I am probably 5x more productive at home than in this environment.
Nowadays cubicle are a luxury. Open floor space is the new hell. We got extra bonus torture at my place, putting office desks right on the fucking factory floor.
Oh yeah I’ve interviewed for a job like that. It’s the dumbest thing I’ve ever fucking heard. “We need people to know the engineer is reachable” ok cool, but I usually take multiple walks on the floor per day and they should know where my desk is and how to get ahold of me. I need some peace and quiet from time to time to do my job though
(I need electronics lab space, if they ever take that away, I will need to run some long running tests that make disrupting noise until they change their mind back.)
Let's be real, though, it really is bliss when there's no one else around. Hell is other people, after all!
When I had mandatory in person office work, almost my entire team took time off, including the boss, leaving me and my mostly automated data job alone. I brought my steam deck on those days. It was bliss.
I did like working in an open office back in a previous career. I did QA and was integrated with a team of devs. It was lovely to turn to the person whose code I was testing and ask for clarification on a behavior. There really was a lot of teamwork facilitated by the lack of privacy.

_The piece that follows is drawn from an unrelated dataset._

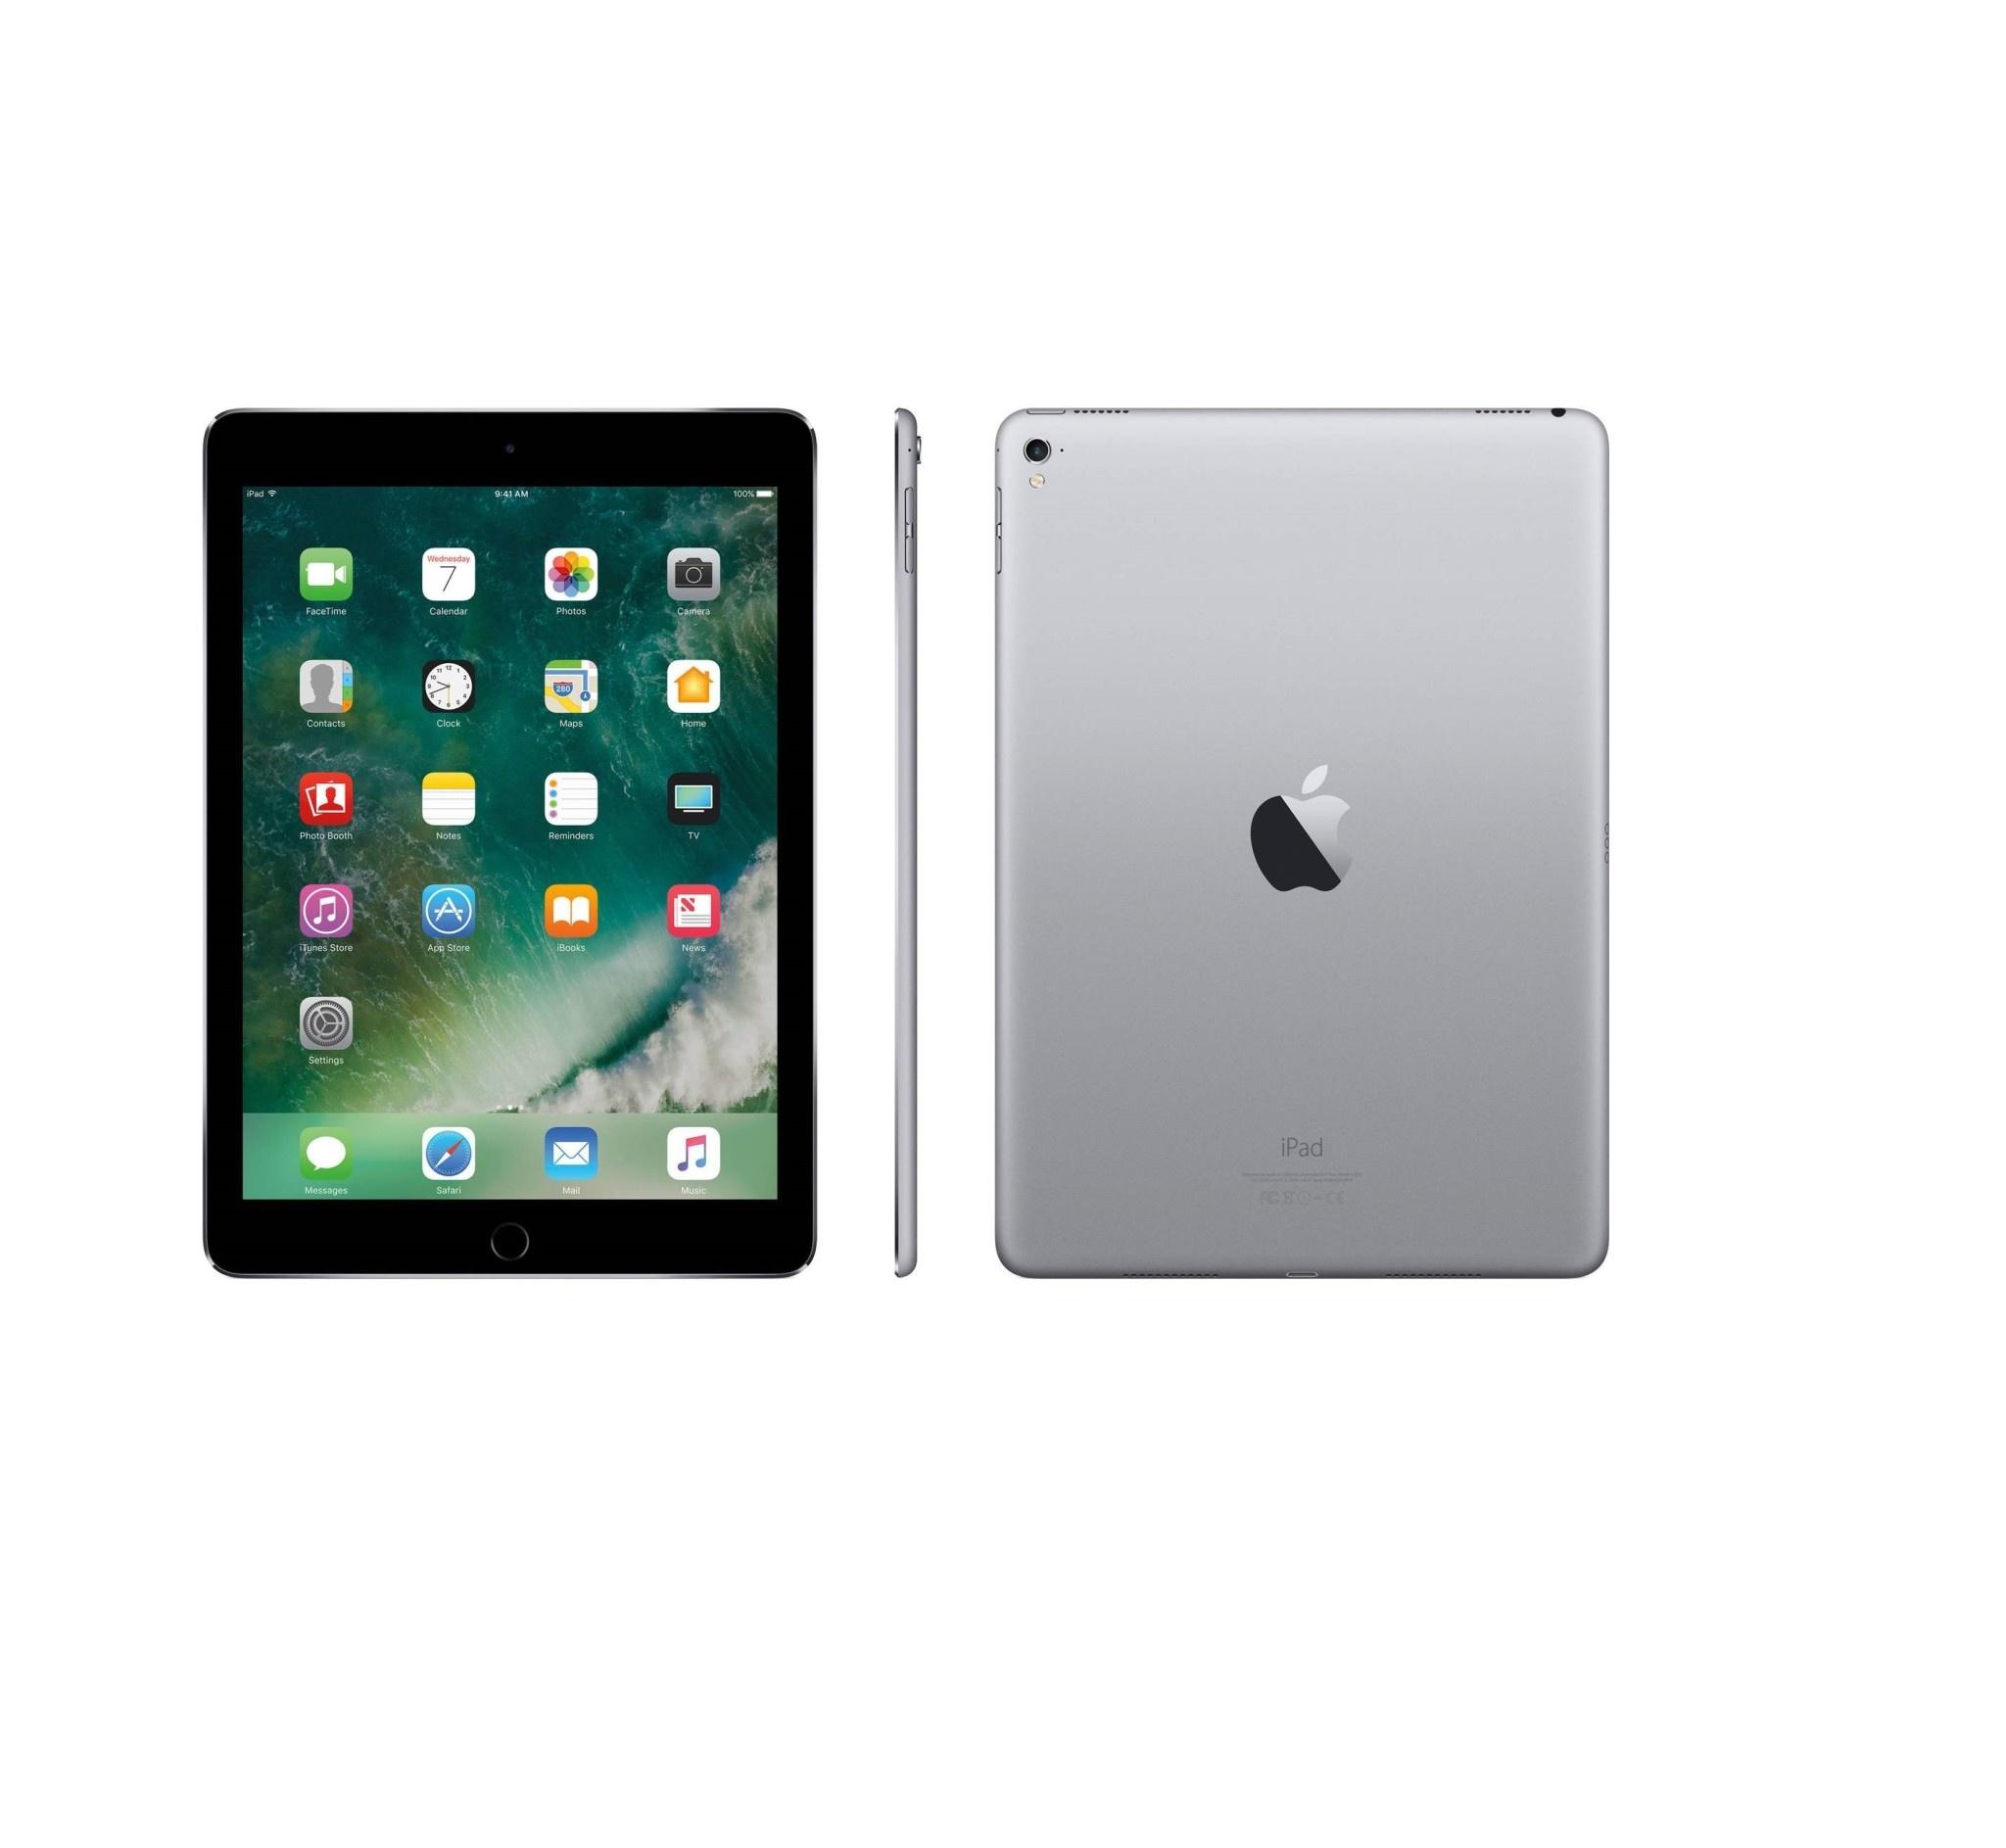 Apple iPad 2018 A1893 9.7 inch 128Gb Refurbished Tablet

The office had small rooms with doors where you could make phone calls without distracting everyone.
I can imagine a scenario where I don’t mind open offices, all it takes is picturing a job where I never have to focus and my coworkers and I never have to take part in calls or online meetings. Oh, and I’d have to like my coworkers and not enjoy the prairie dog style chats.
Sigh, I miss cubicles… At least I can turn my hearing aids off.
Open office floor layouts are horrible for those that need to get "into the zone" and grind through work. Nothing like being forced to hearing about somebody's "Epic" drunk'n weekend.